In the summer of 1974, a young girl stumbled upon the body of a woman in Cape Cod, Massachusetts, whose identity has continued to stump authorities more than 40 years later. Still known only as "the Lady of the Dunes," the woman had been left naked, head nearly severed, with her hands and several teeth removed, all in an attempt, police believe, to keep her identity a mystery.
But for horror writer Joe Hill—the son of author Stephen King—the victim's identity may be wrapped up in his favorite film, which also happened to be filming on Cape Cod that same summer—Steven Spielberg's Jaws.
According to the Washington Post, Hill, like many armchair detectives, became fascinated with the story of the Lady after reading about her in The Skeleton Crew: How Amateur Sleuths Are Solving America’s Coldest Cases. After studying a reconstructed image of her face—one local authorities made after exhuming her body in 2010—Hill thought he spotted a similar-looking woman while he was watching Jaws, an extra among the rest of the beachgoers terrorized by the film's bloodthirsty shark. The quick shot of a woman, clad in a blue bandana similar to the one that was reportedly found with the Lady's body, got Hill asking himself: "Is the Lady of the Dunes in Jaws?"
Hill wrote about his theory, which he openly admits is "out there," on his blog in 2015, and it recently wound up on Inside 'Jaws,' a podcast about the making of the film. And sure, the super blown-up images of the extra don't really solidify the theory, but there are some key details that match up between Jaws's production schedule and the few facts we do know about the Lady of the Dunes. Along with the resemblance, Hill points out that the Lady was alive in June during the filming, and her body was found in Provincetown, not too far from the film's Martha Vineyard set.

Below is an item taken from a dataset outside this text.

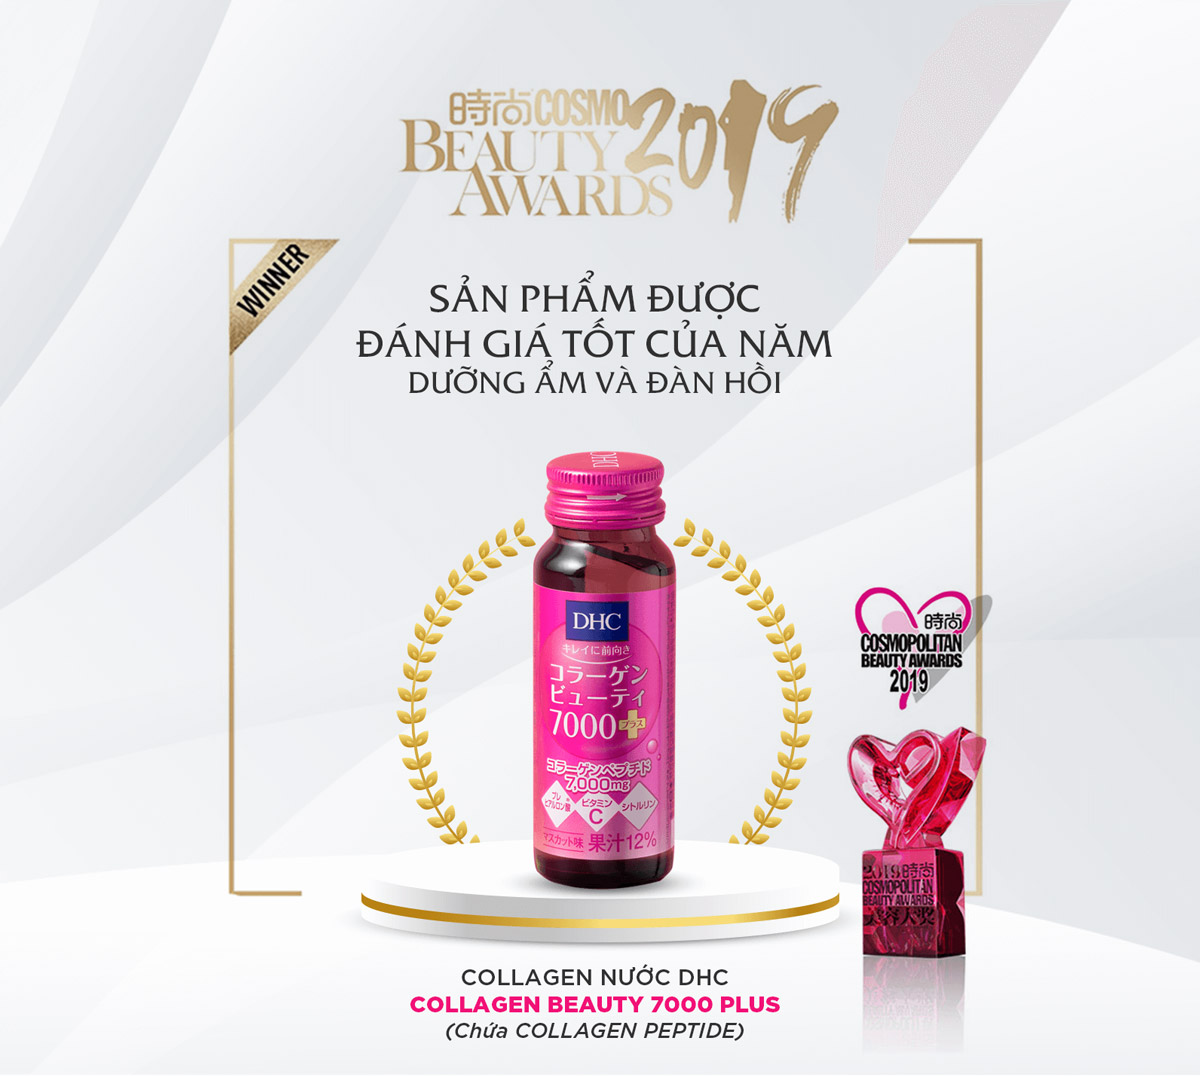 Collagen Nước DHC Beauty 7000 Plus được tạp chí Cosmopolitan bình chọn giải Beauty Awards năm 2019.

“I’ve heard it said that everyone who was out on Cape Cod in the summer of 1974 appears in the movie Jaws,” Hill told the Post. "The possibility that a person would make a stop on the island and appear in the movie is not unreasonable," he added.
Hill even said that he approached an FBI friend about his theory, who told him, "There might be something in it. Odder ideas have cracked colder cases."
Without records of the extras who appeared in the film, Hill has encouraged people who may have starred alongside the bandana-ed woman in Jaws to shed some light on who she could be. But until that happens, or the local authorities make a break in the case, it's nothing more than a wild theory.
"It IS a helluva what-if, isn't it?" Hill wrote. "What if the young murder victim no one has ever been able to identify has been seen by hundreds of millions of people in a beloved summer classic and they didn’t even know they were looking at her?"